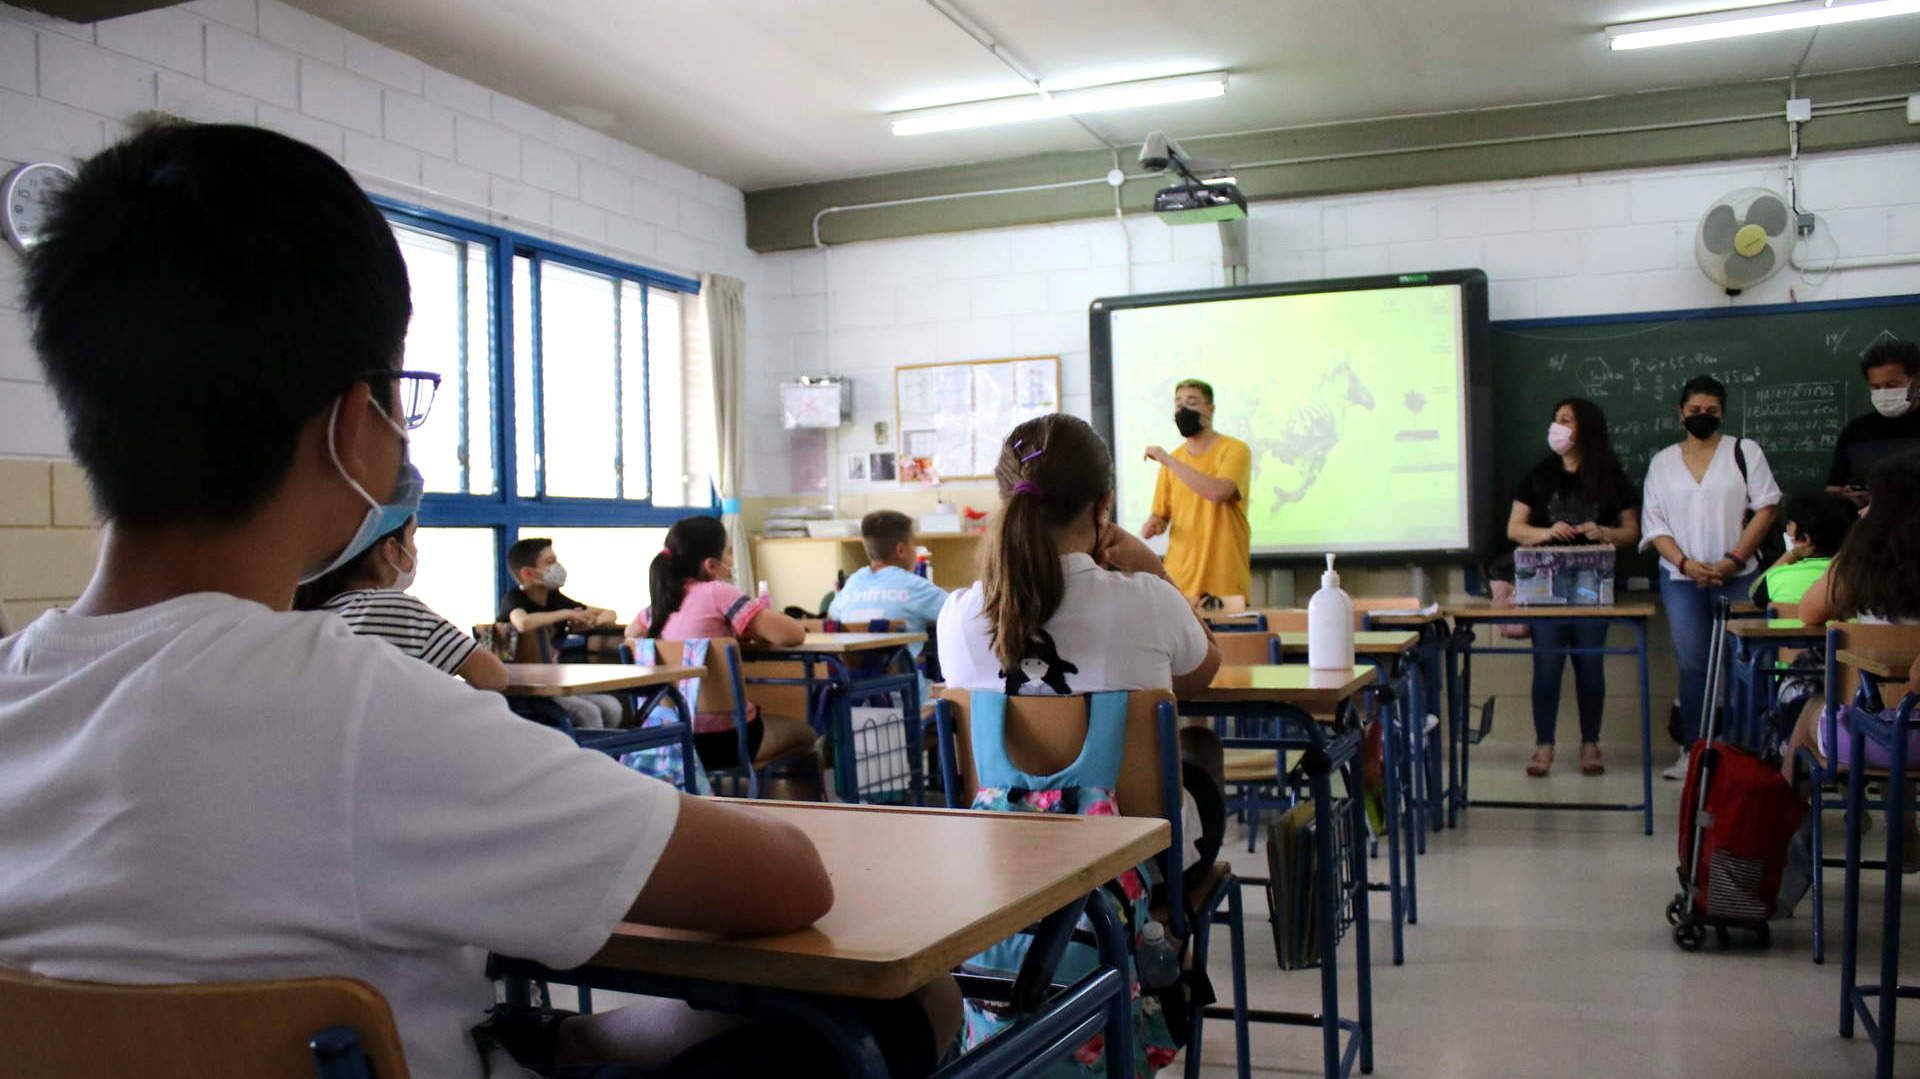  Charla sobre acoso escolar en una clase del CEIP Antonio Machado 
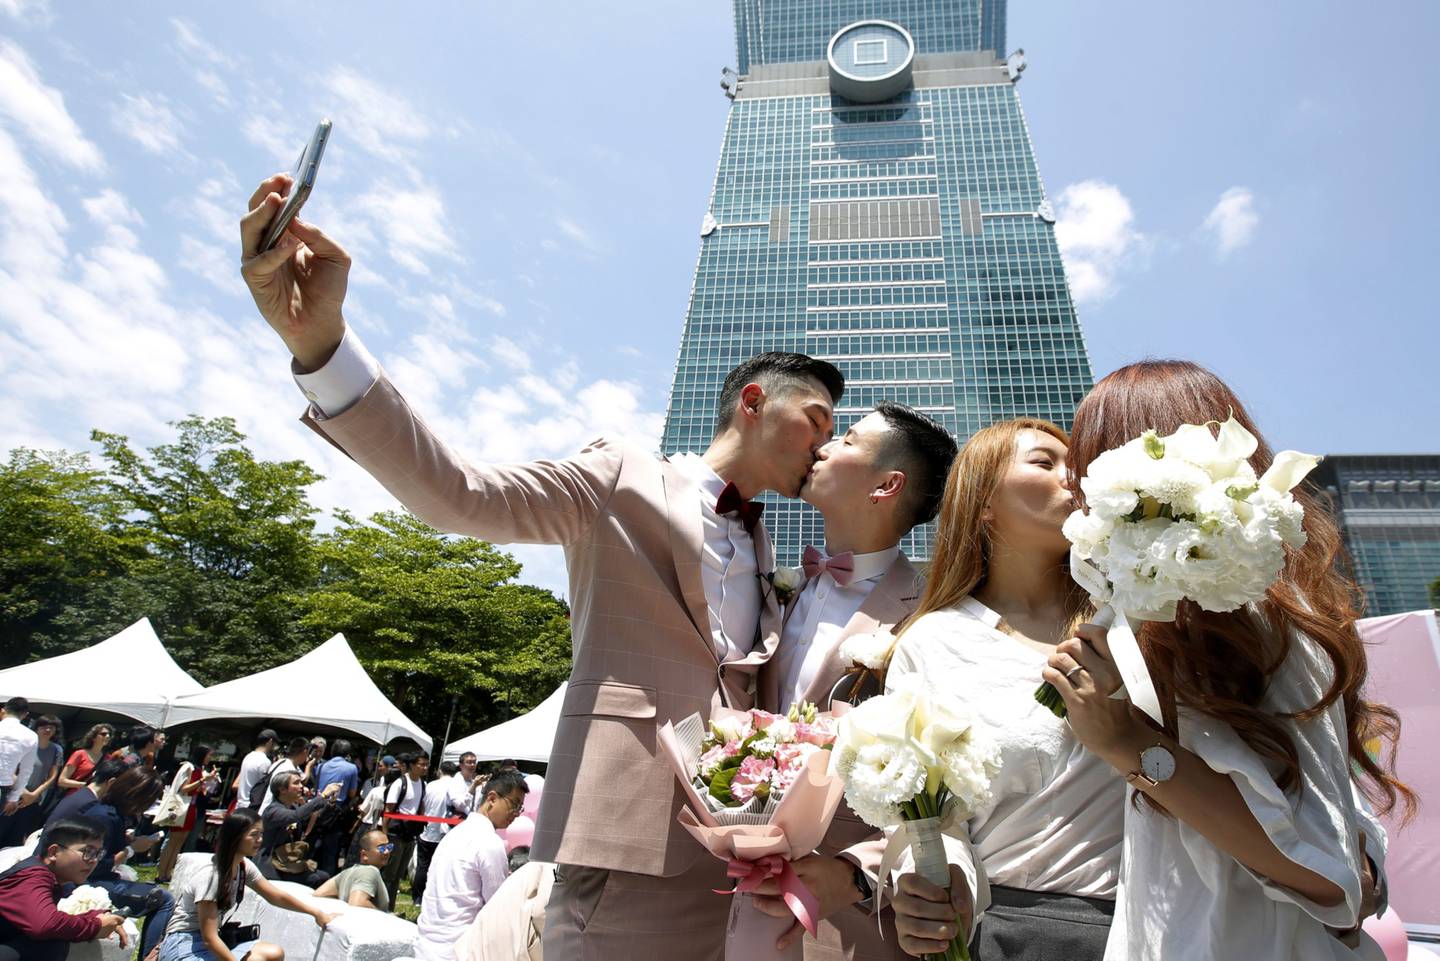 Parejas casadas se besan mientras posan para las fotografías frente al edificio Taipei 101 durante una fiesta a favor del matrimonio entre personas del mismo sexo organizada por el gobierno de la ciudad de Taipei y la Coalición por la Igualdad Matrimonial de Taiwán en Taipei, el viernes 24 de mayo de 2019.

|---|

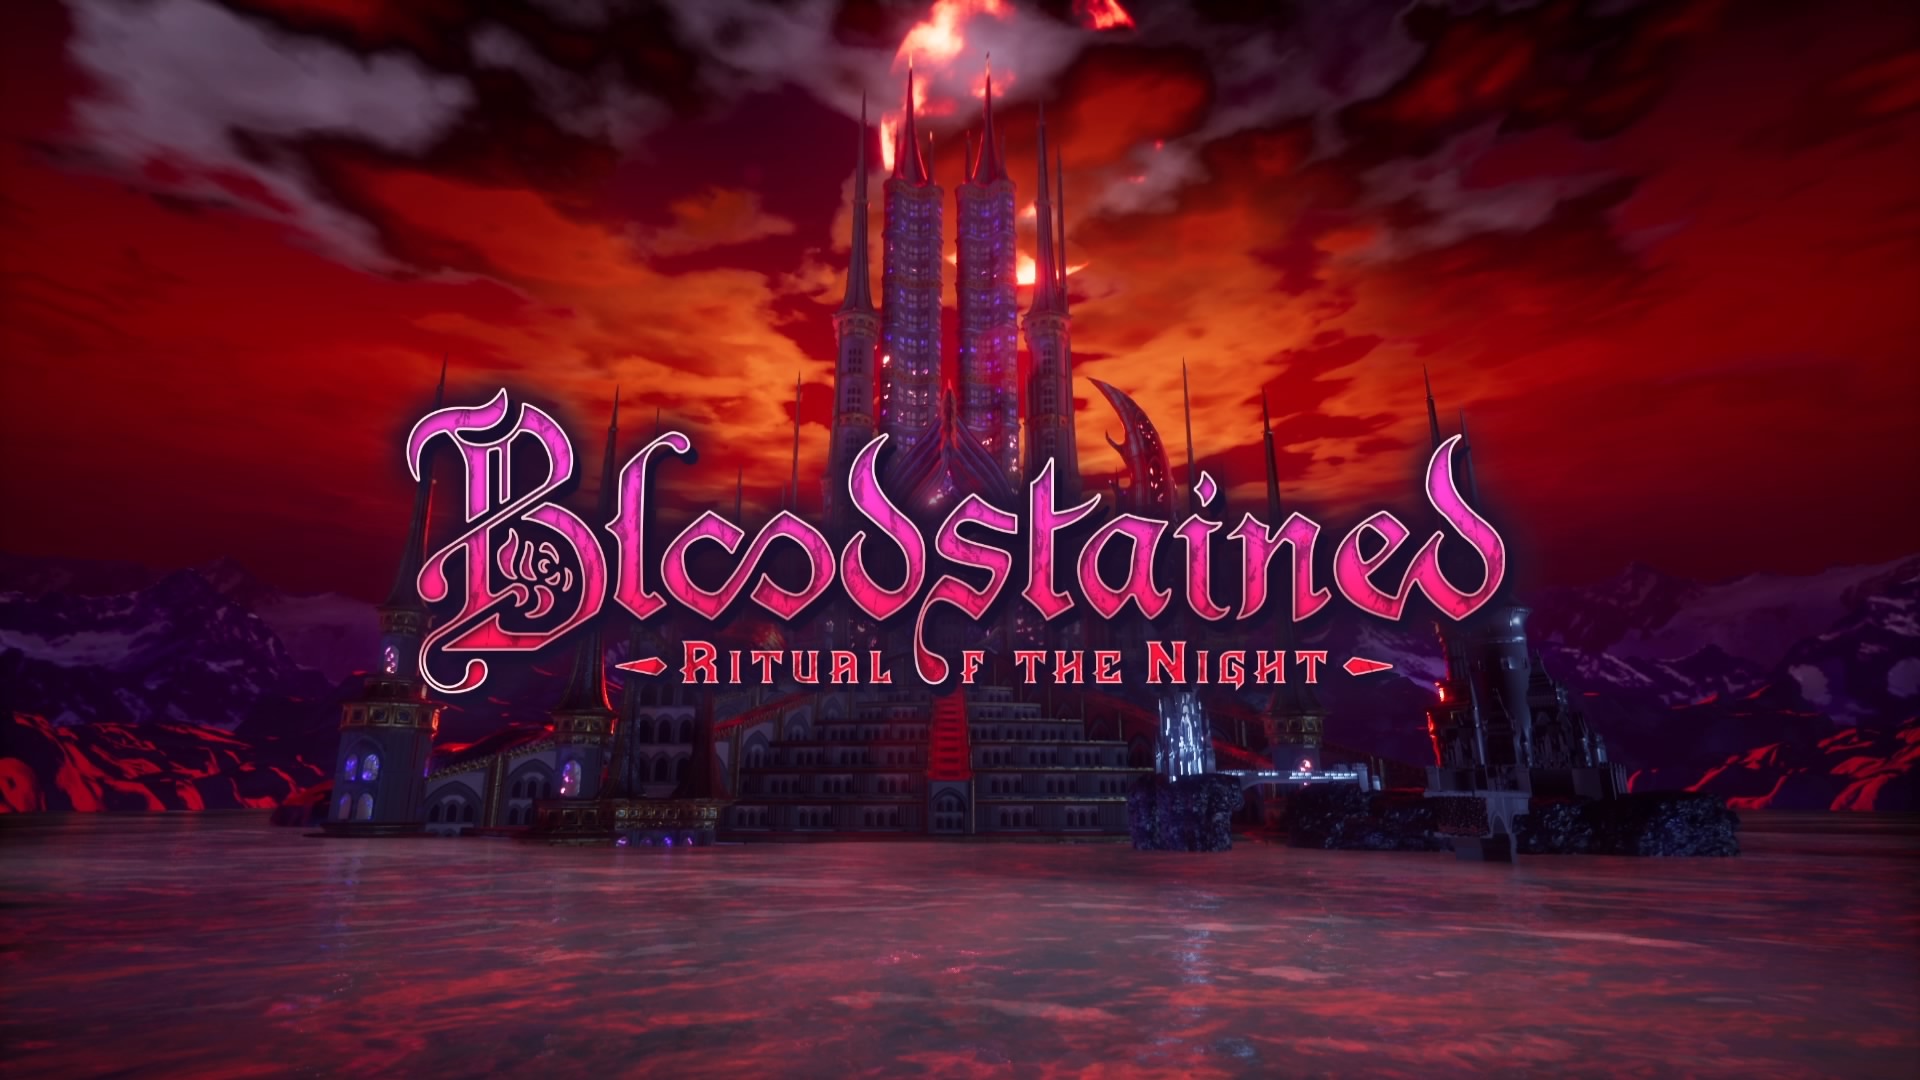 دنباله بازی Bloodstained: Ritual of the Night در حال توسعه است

|---|

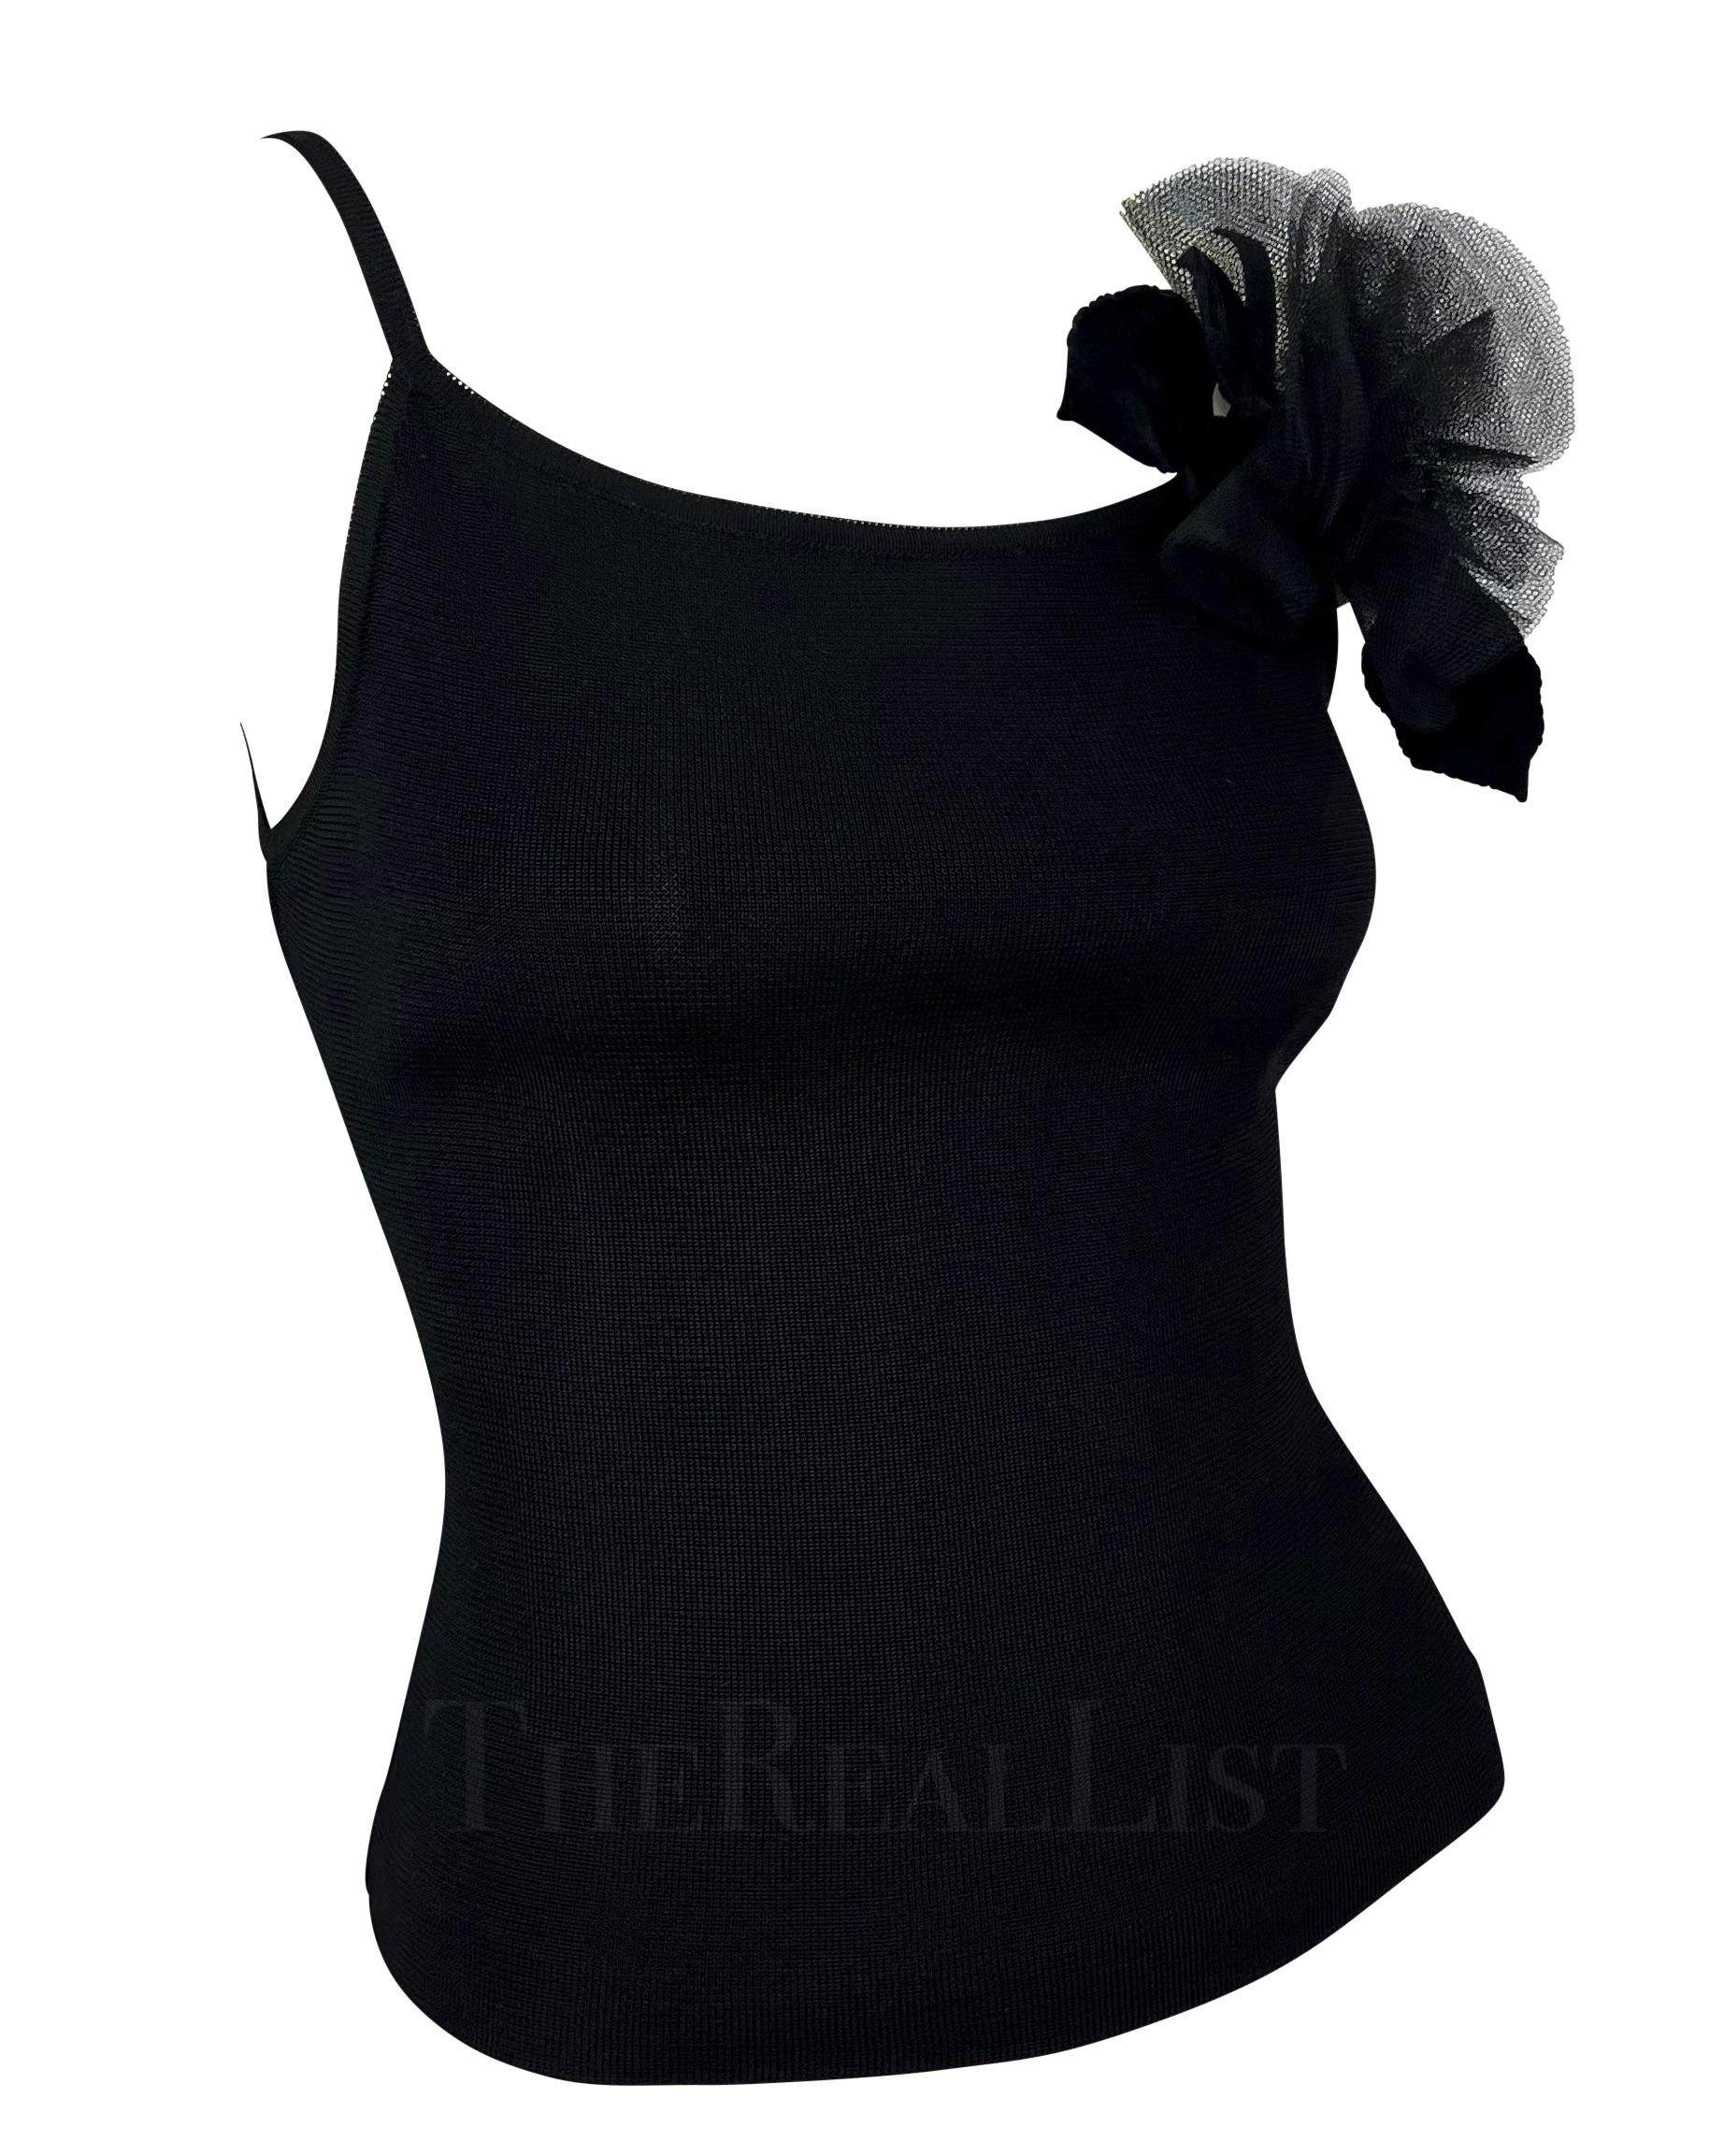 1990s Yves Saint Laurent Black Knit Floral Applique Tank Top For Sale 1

|---|

Work instruction:
Would you set down only the lines above from the line with "Charla sobre acoso" to the line with "Parejas casadas se", both included, exactly as they stand and without the pictures?

Output below:
  Charla sobre acoso escolar en una clase del CEIP Antonio Machado 
 Parejas casadas se besan mientras posan para las fotografías frente al edificio Taipei 101 durante una fiesta a favor del matrimonio entre personas del mismo sexo organizada por el gobierno de la ciudad de Taipei y la Coalición por la Igualdad Matrimonial de Taiwán en Taipei, el viernes 24 de mayo de 2019.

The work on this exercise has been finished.